Release notes for json-schema-rs
When to use
Apply this skill when the user:
- •Asks for release notes, a release summary, or "what's in this release"
- •Wants to summarize a specific version or tag
- •Is preparing release text for a new version of the library
Resolve the tag to summarize
- •User specified a version or tag (e.g.
v0.0.4,0.0.4): Use it. Normalize to the actual tag name if needed (e.g. if tags arev0.0.4, use that form). - •User did not specify: List tags with version ordering, then ask which tag to summarize.
List tags (newest first):
git tag -l --sort=-version:refname
Or oldest first:
git tag -l --sort=version:refname
Present the list and ask the user which tag to summarize (e.g. via AskQuestion or a clear prompt).
Commit range
- •Previous tag: In the version-ordered list, the tag immediately before the chosen tag is the "previous" tag.
- •First or only tag: If the chosen tag is the first (or only) tag, there is no previous tag; commits are from repo start through the chosen tag.

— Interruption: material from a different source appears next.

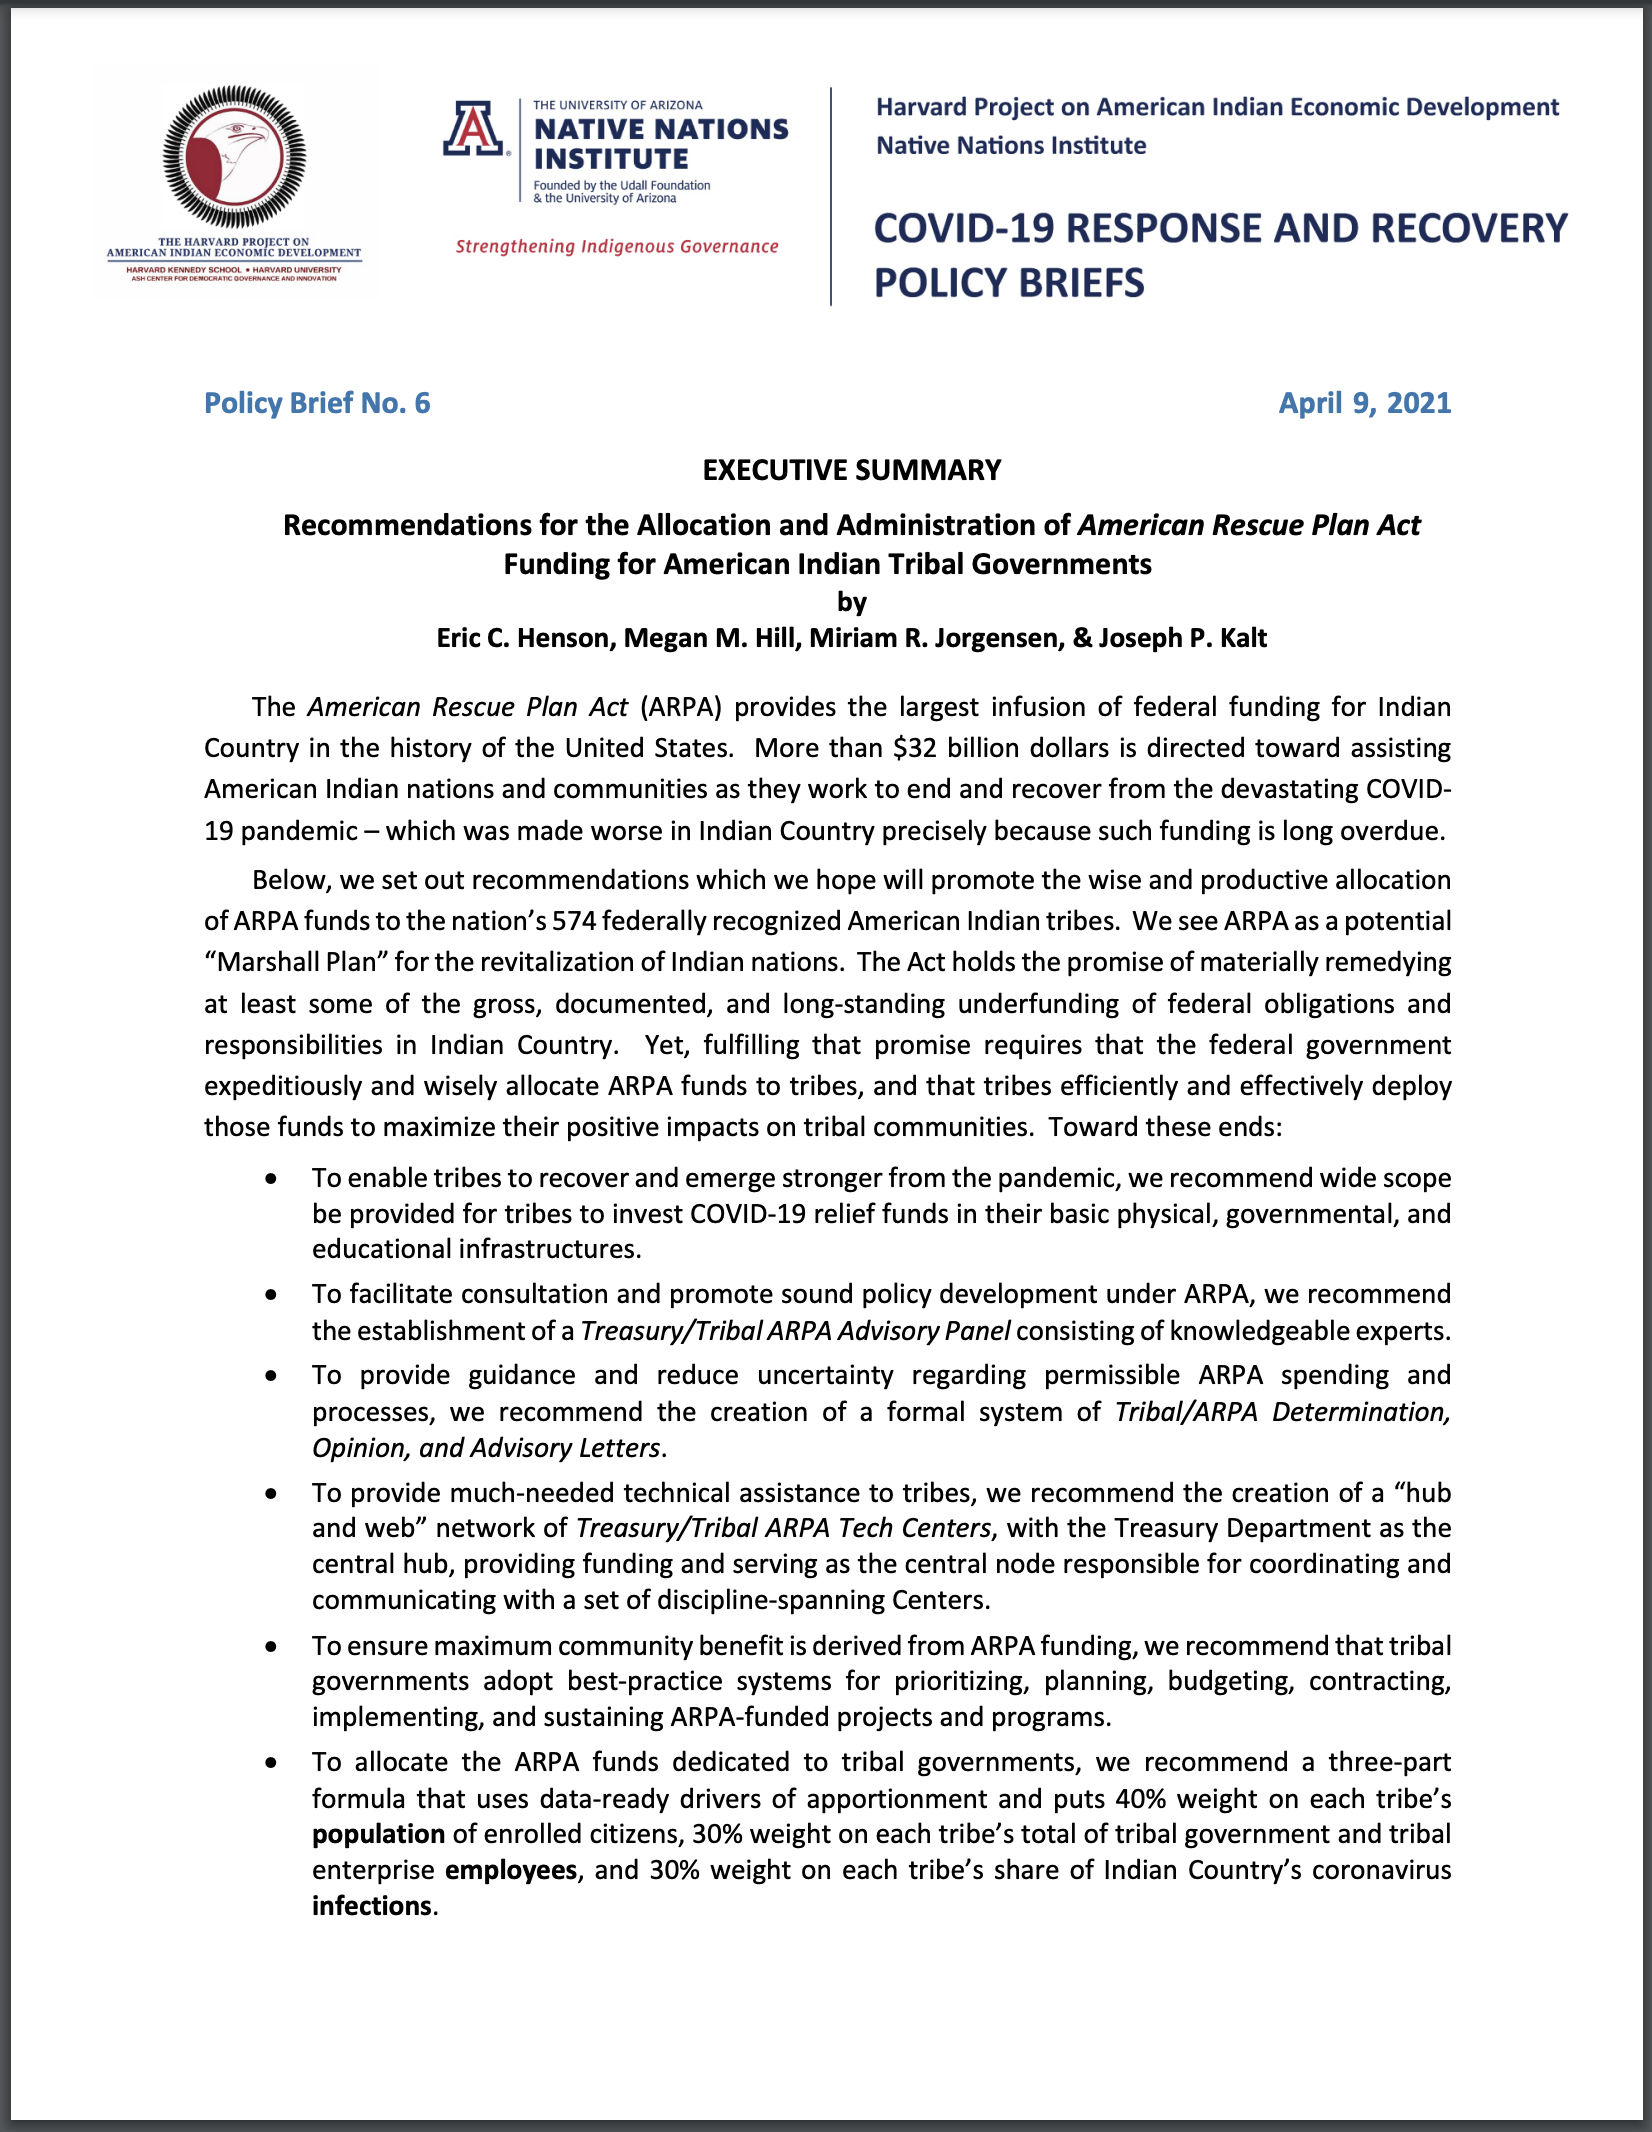 Recommendations for Allocation and Administration of American Rescue Plan Act Funding for American Indian Tribal Governments

- •Range: Collect all commits after the previous tag through and including the requested tag. In Git terms:
previous_tag..requested_tag(excludes previous_tag, includes requested_tag). For the first tag, use the chosen tag as the range (e.g. all commits reachable from that tag).
Gathering commits
Overview (one line per commit):
git log previous_tag..requested_tag --oneline
Full commit messages:
git log previous_tag..requested_tag
For the first tag (no previous tag):
git log requested_tag --oneline git log requested_tag
Merge commits and conventional-commit style messages are both in scope; use them to understand what changed.
Optional deep dive
If a commit message is vague or critical (e.g. "fix codegen"), run git show <commit> to see the diff and summarize what actually changed. Use this when it would make the release description more accurate or useful.
Writing the release description
Audience: Developers considering or using the library; developers scanning "what's new" per release.
Style:
- •Succinct and insightful; no fluff.
- •Group by theme where it helps (e.g. Codegen, CLI, Docs, Fixes).

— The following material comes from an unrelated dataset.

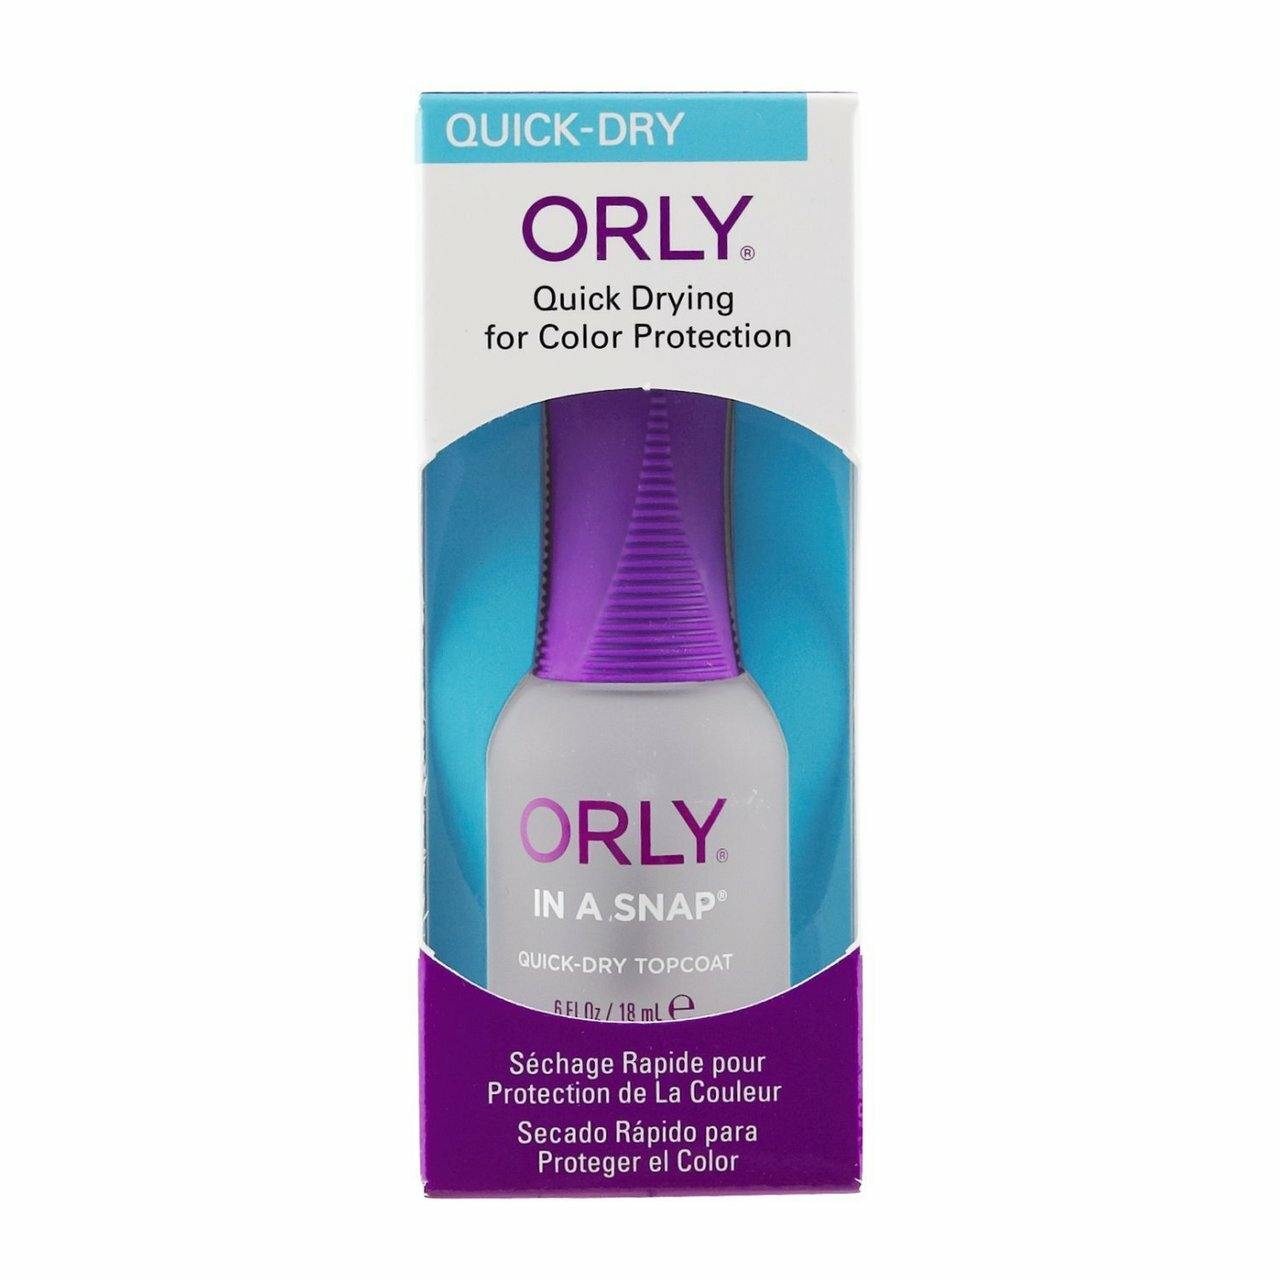 Orly Nail Dryer, In-A-Snap, 0.6 Ounce - Sanida Beauty

- •Use bullet points or short paragraphs.
Content:
- •What changed and why it matters to users: new behavior, fixes, breaking changes, dependency or version bumps.
- •Synthesize; do not list every commit. Focus on user-facing impact and clarity.

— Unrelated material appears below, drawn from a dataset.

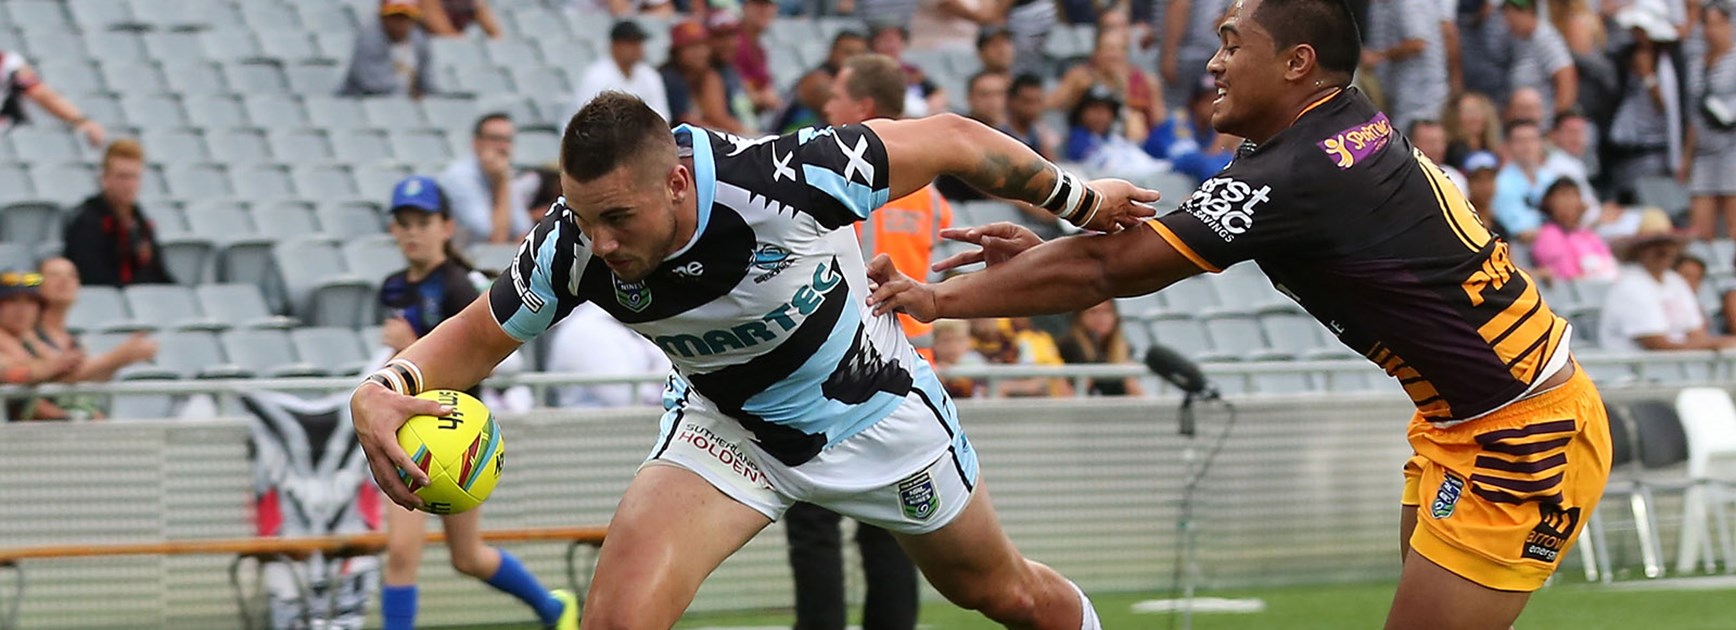 Cronulla rookie Jack Bird scores a try for the Sharks at the 2015 Auckland Nines.

The result should be suitable for GitHub/Git release notes and helpful to anyone evaluating or upgrading the library.
Output format
- •Default: Present the release notes directly in the chat. Do not write them to a file unless the user explicitly asks for a file (e.g. "write to RELEASE_NOTES.md", "save to a file").
- •Copy-pasteable: When presenting in chat, format the release notes as easy copy-pasteable markdown (e.g. in a fenced code block with
markdownlanguage hint) so the user can grab the raw markdown.